Dal momento che il Signore ci testimonia così chiaramente il desiderio di perdonarci, se noi persistiamo a rimanere nel peccato, è certo solo colpa nostra.

Vedete come si comporta con Caino, dopo che quello aveva ucciso il suo fratello?Lo va a trovare, per farlo tornare in se stesso, al fine di poterlo perdonare; poiché bisogna necessariamente chiedere perdono, se vogliamo che egli ce lo accordi… Ah! Dio mio, ma non è troppo? “Caino, Caino, che cosa hai fatto? Chiedimi perdono, perché io possa perdonarti”. Caino non vuole, egli dispera della sua salvezza, si indurisce nel suo peccato. Tuttavia vediamo che il buon Dio lo lasciò a lungo sulla terra, per dargli il tempo di convertirsi, se lo avesse voluto.

Guardate ancora la sua misericordia verso il mondo intero: allorché i crimini commessi dagli uomini ebbero coperta la terra e l’ebbero imbevuta del succo delle passioni più infami, il Signore si vide costretto a punirli. Ma, prima di passare all’azione, quante precauzioni, quanti avvertimenti, quanti ritardi! Egli li minacciò molto prima di punirli, allo scopo di sensibilizzarli e di farli rientrare in se stessi. Vedendo che i loro crimini aumentavano sempre di più, inviò loro Noè, al quale comandò di costruire un’arca… e di dire a tutti coloro che gli avessero chiesto il perché di quella costruzione, che il Signore stava per far perire il mondo intero con un diluvio universale, ma che, se avessero voluto convertirsi e fare penitenza, egli avrebbe cambiato il suo decreto. Poi, infine, vedendo che tutti questi avvertimenti non servivano a niente, ma che ci si prendeva gioco delle sue minacce, si vide costretto a punirli. Tuttavia, vediamo che il Signore dice che si pentì di averli creati: e anche ciò ci dimostra la grandezza della sua misericordia. E’ come se avesse detto: avrei preferito non crearvi proprio piuttosto che vedermi costretto a punirvi. Ditemi, fratelli miei, tenendo conto che si tratta di un Dio, poteva spingere più oltre la sua misericordia?

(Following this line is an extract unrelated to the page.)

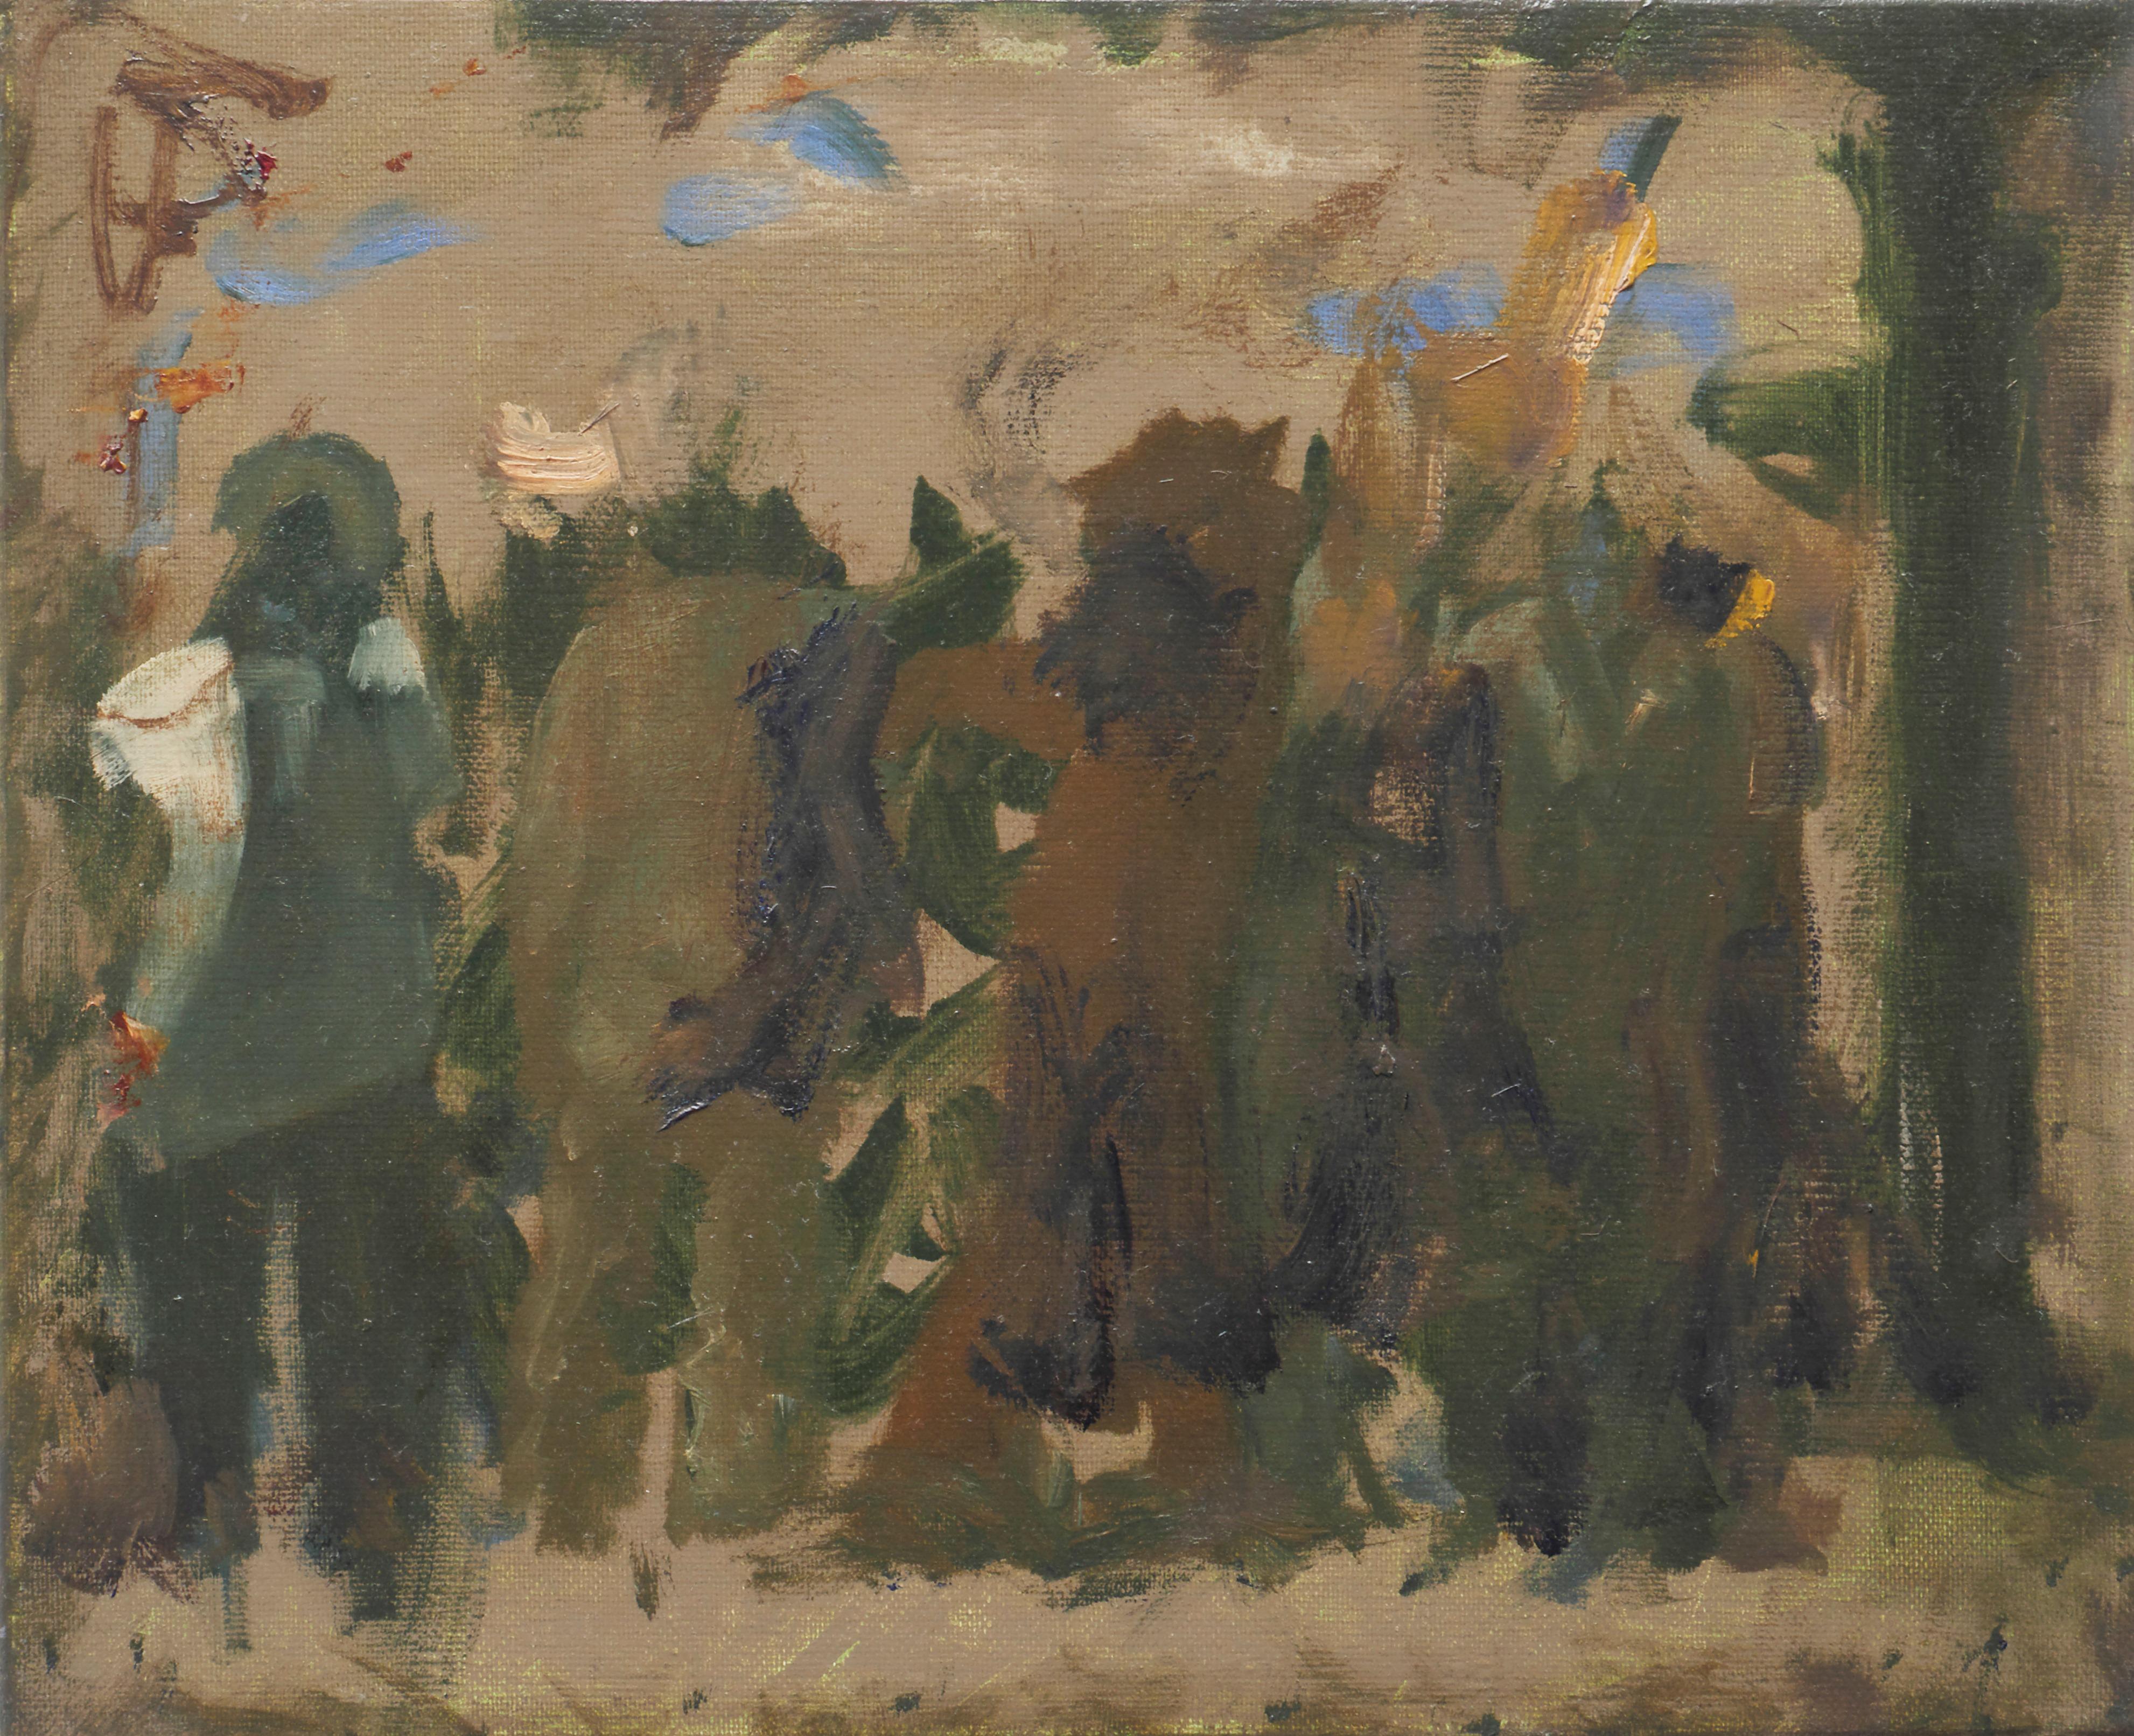 Démonstration de la rue - Peinture à l'huile figurative contemporaine, Existentialisme  - Painting de Piotr Kotlicki

Fratelli miei, vedete dunque che Dio attende i peccatori perché facciano penitenza, e li invita per mezzo dei movimenti interiori della grazia e per mezzo della voce dei suoi ministri. Guardate anche, come si comporta verso Ninive, questa grande città peccatrice. Prima di punire i suoi abitanti, ordina al suo profeta Giona di andare, a suo nome, per annunciare loro che entro quaranta giorni li avrebbe puniti. Ma Giona, invece di recarsi a Ninive, fuggì dalla parte opposta. Egli cerca di attraversare il mare, ma, Dio, ben lungi dal lasciare i Niniviti senza avvertimento, prima di punirli, fa un miracolo per conservare in vita il suo profeta, per tre giorni e tre notti, nel seno di una balena, che, alla fine dei tre giorni, lo vomitò sulla terra ferma. Allora il Signore disse a Giona: “Va’ e annuncia alla grande città, a Ninive, che fra quaranta giorni perirà”. Egli non aggiunge nessuna condizione. Il profeta allora, partito, annunciò a Ninive che tra quaranta giorni sarebbe stata distrutta. A questa notizia, tutti si dedicano alla penitenza e alle lacrime, dall’ultimo cittadino fino allo stesso re. 
“Forse, diceva loro il re, il Signore avrà ancora pietà di noi”. Il Signore, vedendoli ricorrere alla penitenza, era come se si rallegrasse per il piacere di poterli perdonare. Giona, vedendo che il tempo per la punizione era scaduto, si ritirò fuori della città, aspettando che il fuoco dal cielo cadesse su di essa. Ma vedendo che non accadeva nulla, gridò: “Ah! Signore, mi farai forse passare per un falso profeta? Piuttosto fammi morire. Lo so bene che tu sei troppo buono, tu non chiedi altro che di perdonare!”. “E che Giona! gli rispose il Signore, tu vorresti forse che io facessi perire tante persone che si sono umiliate davanti a me? Oh! no, no, Giona, non ne avrei il coraggio; al contrario, continuerò ad amarli e a conservarli in vita”.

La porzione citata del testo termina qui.